Ha. Ha. Ha. Ouh pinaise je suis en forme, moi.

Posté par ladyteruki à 12:50 - 3615 My (So-Called) Life - Permalien [#]

21-01-09

Faire mien

Il y a quelques jours, j'ai parlé de deux-trois séries qui vont prochainement débarquer sur les écrans, ou qui viennent de le faire : United States of Tara, et Lie to Me et The Beast (n'hésitez pas à utiliser les tags pour aller voir ce que j'en dis, d'ailleurs). Et avez-vous remarqué ce que j'ai fait ? Si-si, au moins l'un d'entre vous a remarqué... J'ai comparé.

N'est-ce pas là une habitude détestable ? Mais pourtant, il est très difficile d'y résister, avouez-le. Lorsque nous découvrons une série, invariablement (mais certaines fois moins consciemment que d'autres), nous essayons de comparer avec des séries que nous connaissons déjà. 

C'est assez normal, quelque part. Lorsqu'on présente une série qui, a priori en tous cas, n'est pas connue des lecteurs, on se sent obligé de donner des références, qu'on espère communes, pour situer les choses. Si compare le ton de la série A que vous n'avez pas encore vue, à la série B qui fait les heureux primetime de deux chaînes françaises, vous allez tout de suite comprendre quel est le ton de la série dont je parle. Et nous partons sur une meilleure base pour discuter de la série avant même que vous n'en ayez expérimenté ne serait-ce qu'un seul épisode.

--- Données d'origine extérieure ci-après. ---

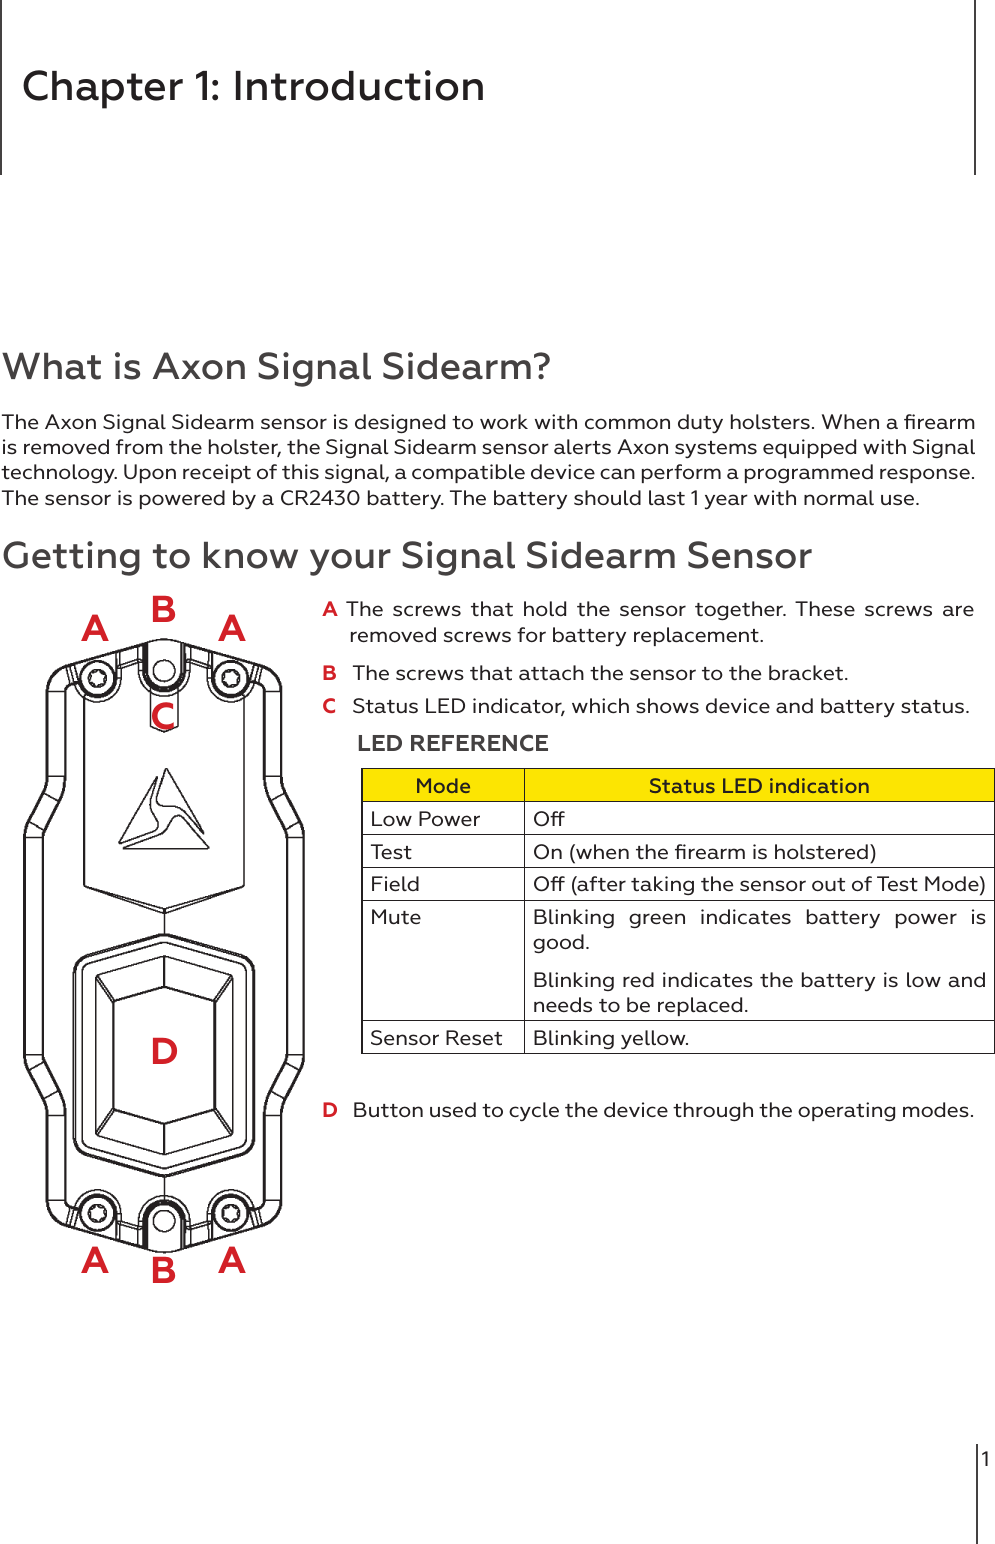 1Chapter 1: IntroductionWhat is Axon Signal Sidearm?The Axon Signal Sidearm sensor is designed to work with common duty holsters. When a ﬁrearm is removed from the holster, the Signal Sidearm sensor alerts Axon systems equipped with Signal technology. Upon receipt of this signal, a compatible device can perform a programmed response. The sensor is powered by a CR2430 battery. The battery should last 1 year with normal use. Getting to know your Signal Sidearm SensorAA The screws that hold the sensor together. These screws are      removed screws for battery replacement. B   The screws that attach the sensor to the bracket. C   Status LED indicator, which shows device and battery status.      LED REFERENCEMode Status LED indicationLow Power OTest On (when the ﬁrearm is holstered)Field O (after taking the sensor out of Test Mode)Mute Blinking green indicates battery power is good.Blinking red indicates the battery is low and needs to be replaced.Sensor Reset Blinking yellow. D   Button used to cycle the device through the operating modes. AA ABBDC

Mais ça va probablement plus loin que la seule fin de communiquer autour d'une série que tout le monde n'a pas forcément vue. Ces comparaisons me sont utiles, même à moi qui ai vu les deux, et sais ce que j'en pense.

Parce que comparer une série que je connais avec une autre que je découvre, cela me permet de m'approprier la seconde. Je sais que j'aime, mettons, je vais dire n'importe quoi hein, Roswell, donc si je trouve des points communs avec Dollhouse, cela me donne des repères. Et lorsque je vais commencer à regarder Dollhouse (ce que nous allons tous plus ou moins faire dans moins d'un mois), ce sera plus facile pour moi d'intégrer Dollhouse à mon univers... et vice-versa.

Combien vous en connaissez, des exemples de téléphages qui commencent par dire "j'attends avec impatience que Dollhouse commence, c'est la nouvelle série de Joss Whedon !". Traduction : j'ai aimé Buffy et Angel, j'ai hâte de découvrir un univers qui m'en semblerait proche ! Avec, bonus non-négligeable, une actrice qui y a figuré, un bonheur ne venant jamais seul.
Quand les premières reviews interviendront, et qu'un petit malin dans mon genre jugera bon de dire "plus sombre que Buffy, la série offre cependant des personnages moins développés", ce même genre de téléphages va commenter, comme piqué au vif : "mais ça n'a rien à voir, les personnages de Buffy essayaient d'être eux-mêmes alors que les personnages de Dollhouse sont toujours quelqu'un d'autre !" Vous avez vu ce qui vient de se passer ? En ayant vu le moins possible de la seconde série, mais avec l'aide de plusieurs saisons de la première, le téléphage vient d'établir des comparaisons et il a déjà l'impression de bien connaître Dollhouse. Et juste comme ça, parce qu'il a pu faire des parallèles, il s'est de lui-même mis dans la catégorie des amateurs de Dollhouse. C'est facile comme ça, de devenir fan. Parce que vous pouvez comparer, vous investissez la série plus rapidement. Surtout si vous pouvez comparer avec des séries que vous aimez.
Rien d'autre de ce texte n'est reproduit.